Вне всяких сомнений, быть констеблем – достойно и почетно, так же как почетно и достойно быть присяжным, ибо быть присяжным – это быть судьей. Но наиболее средневековым (то есть наиболее человеческим) в нашей судебной системе является тот очевидный факт, что каждый добрый человек будет более заботиться о своих детях или волах, нежели о кодексах и столпах закона, и именно поэтому его приходится принуждать становиться присяжным. Возможно, именно это имел в виду Христос, когда в притче о Царствии Небесном говорил о царе, который послал слуг своих на распутья дорог и повелел собрать всех, кого найдут, на брачный пир; возможно, подразумевалось, что если вы хотите, чтобы пришли простые смертные, их надо позвать и даже вызвать. Быть может, это верно в отношении Царства Небесного, но это безусловно так в отношении царства земного. Другие методы бросят нас в руки тех вульгарных и амбициозных людей, которые приходят незваными, – людей, которые уже уничтожают Англию.

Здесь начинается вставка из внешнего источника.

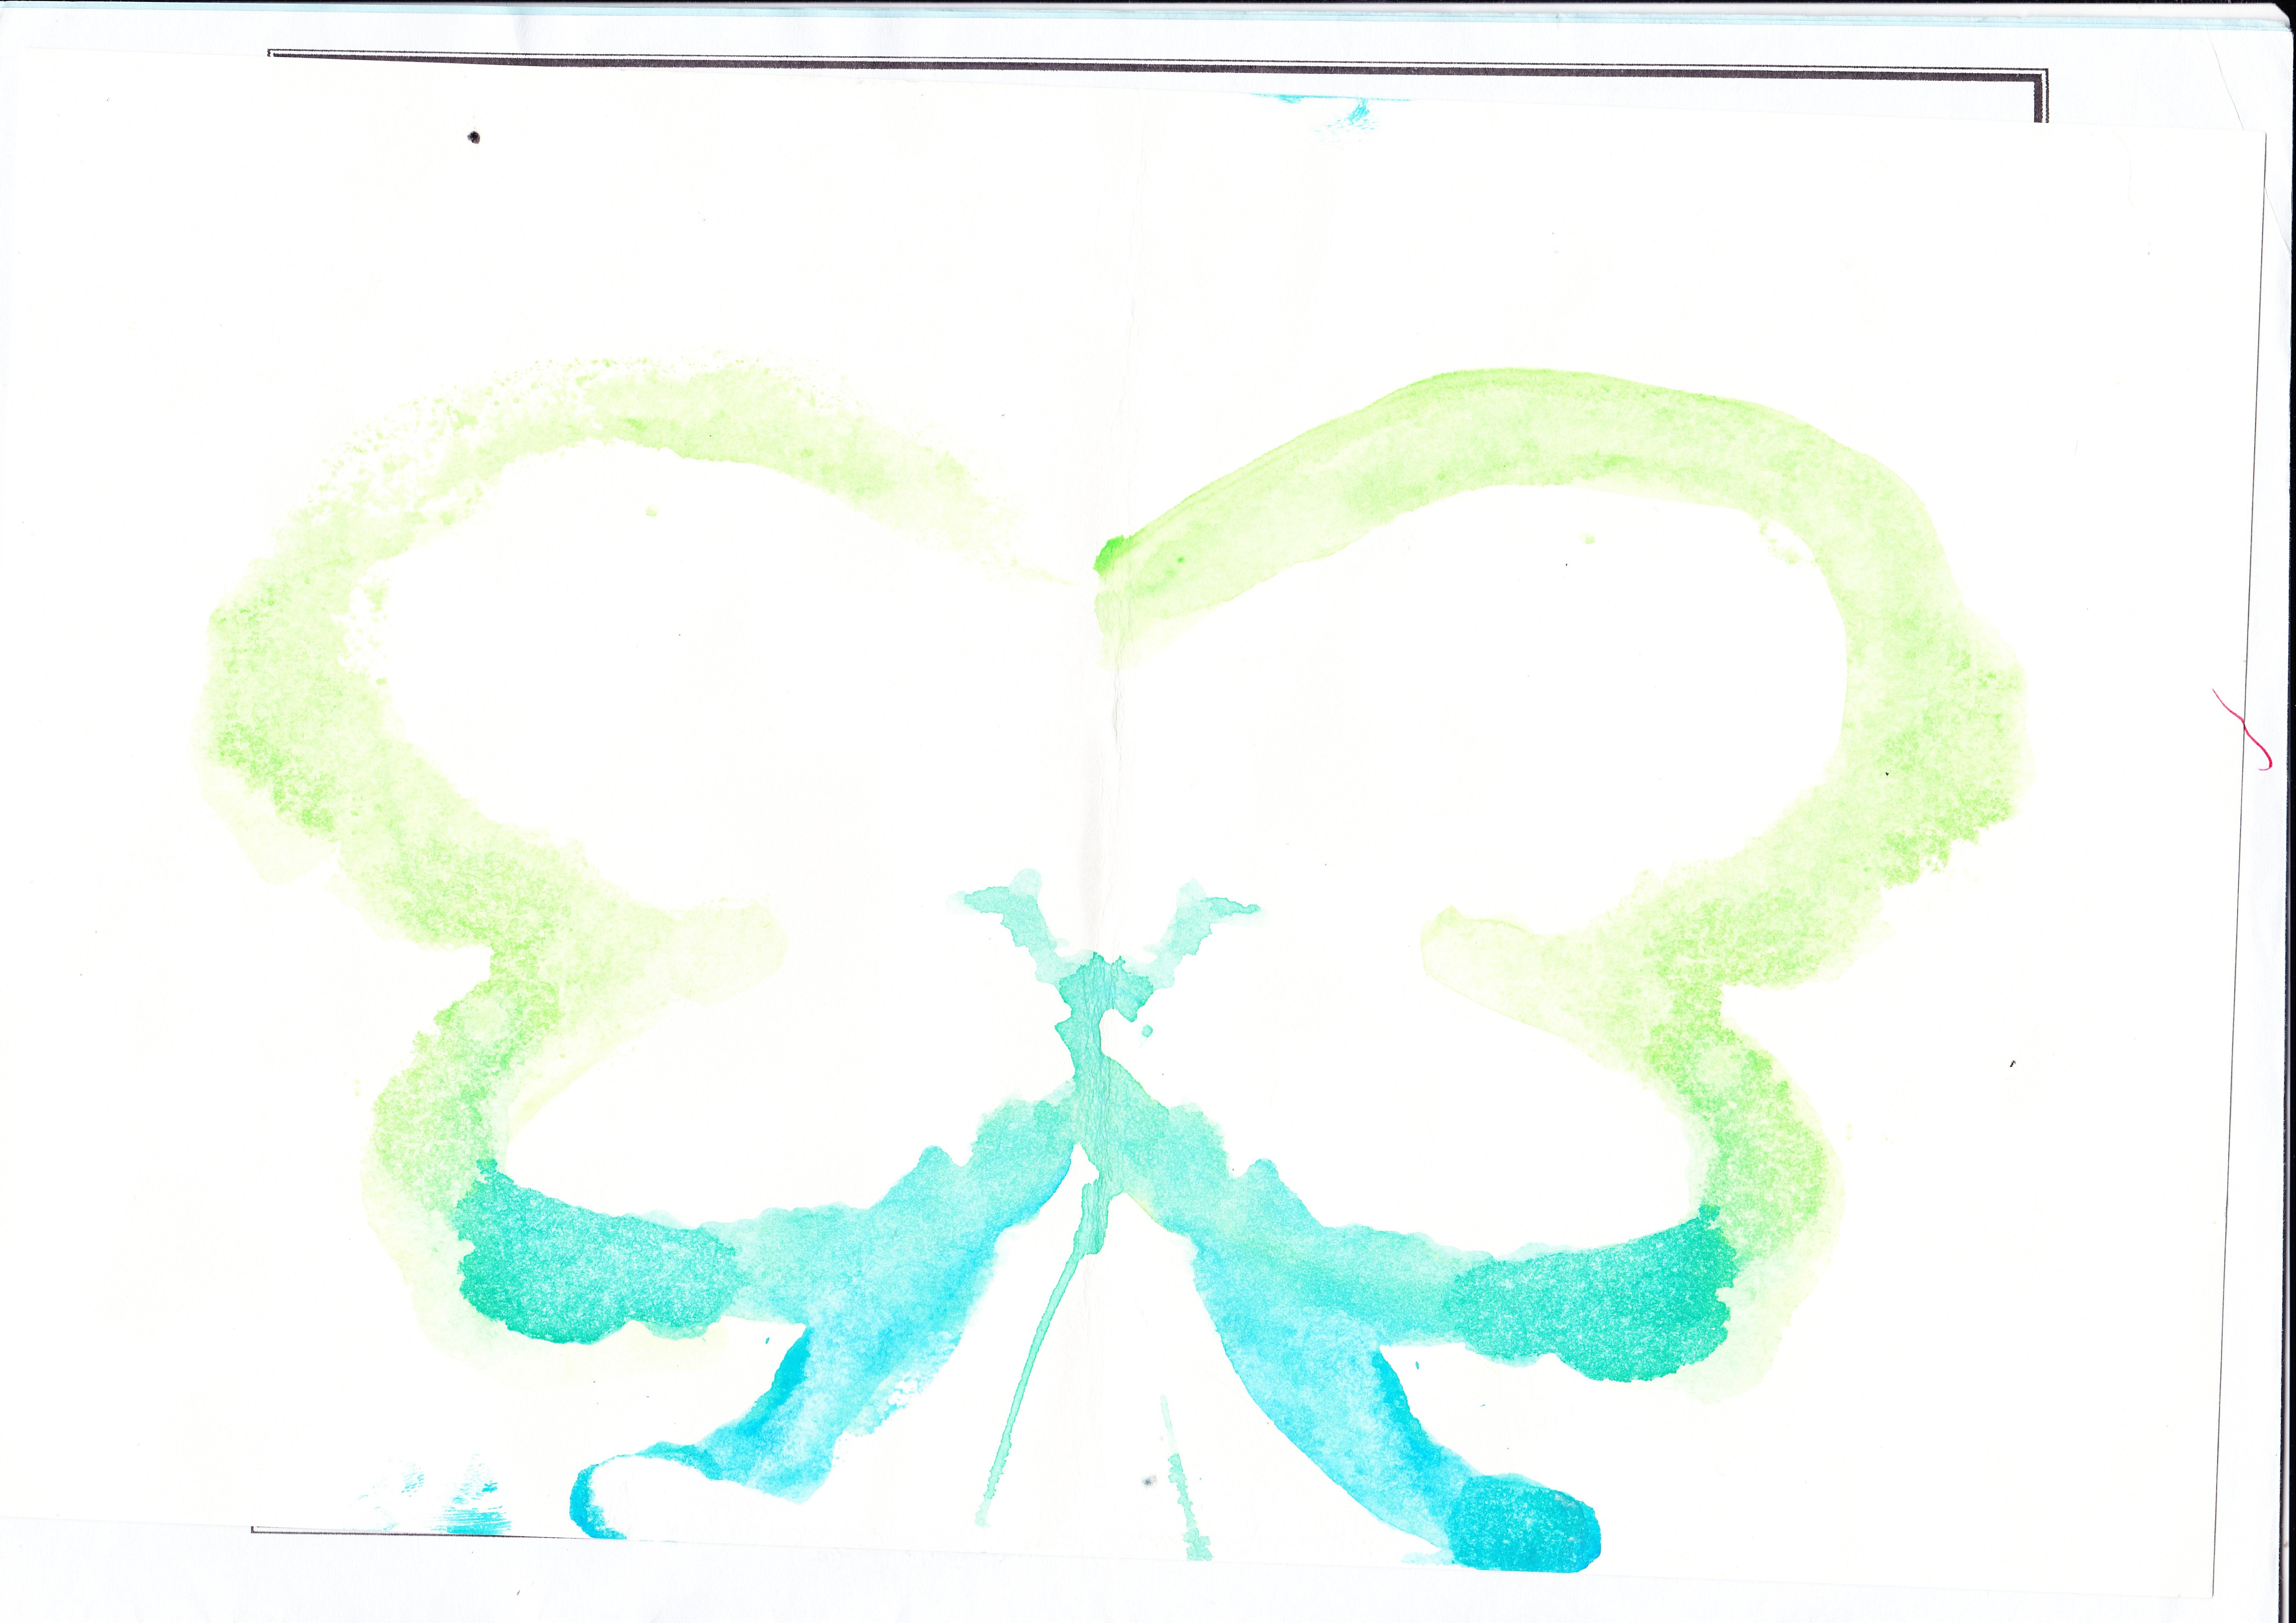 ppt 背景 背景图片 边框 模板 设计 矢量 矢量图 素材 相框 7016_4960

О другом своем выводе из этой истории я могу говорить очень долго, и поэтому скажу очень коротко. Приходской констебль, назначаемый советом округа, – одно из немногих напоминаний о некоей очень естественной идее самоуправления, которую современной науке и морали очень трудно сохранить. Пока что я выскажусь так: что жители таких злачных мест, как Хокстон или Вайтчепел, отдали бы за то, чтобы хотя бы косвенно контролировать выбор полицейского, стоящего на углу улицы?
Перевод Людмилы Мининой
Искусство быть герцогом
Герцог де Шамбертен-Поммар был маленьким, но живучим обломком истинно аристократического рода, члены которого в массе своей оставались атеистами вплоть до времен Французской революции, но после этого достопамятного события (выгодного с разных точек зрения) сделались очень набожными. Он был роялистом, националистом и абсолютно искренним патриотом в том особом стиле, который характеризуют непрерывные заявления не столько об опасности, которой подвергается его родина, сколько о полном ее крахе. Он писал в роялистские газеты бодрые статейки, озаглавленные «Закат Франции», или «Последний крик», или еще что-то в этом роде, в пароксизме патриотического восторга расцвечивая последними штрихами полотно, на котором кайзер ехал по мостовой, попирая тела распростертых на ней парижан. Он был довольно беден, да и у всей его родни не было ни гроша. В обеденное время, устремляясь быстрым шагом к одному из маленьких открытых кафе, он ровно ничем не отличался от окружающих.
Живя в стране, где не существовало аристократии, герцог Поммар был о ней крайне высокого мнения. Он тосковал по мечам и величавым манерам своих дореволюционных предков – пусть большинство из них считало себя (в теории) республиканцами. Но с куда более практическим пылом он обращался к той европейской стране, над которой не реяло трехцветное знамя, где отсутствовало грубое уравнение перед лицом государства.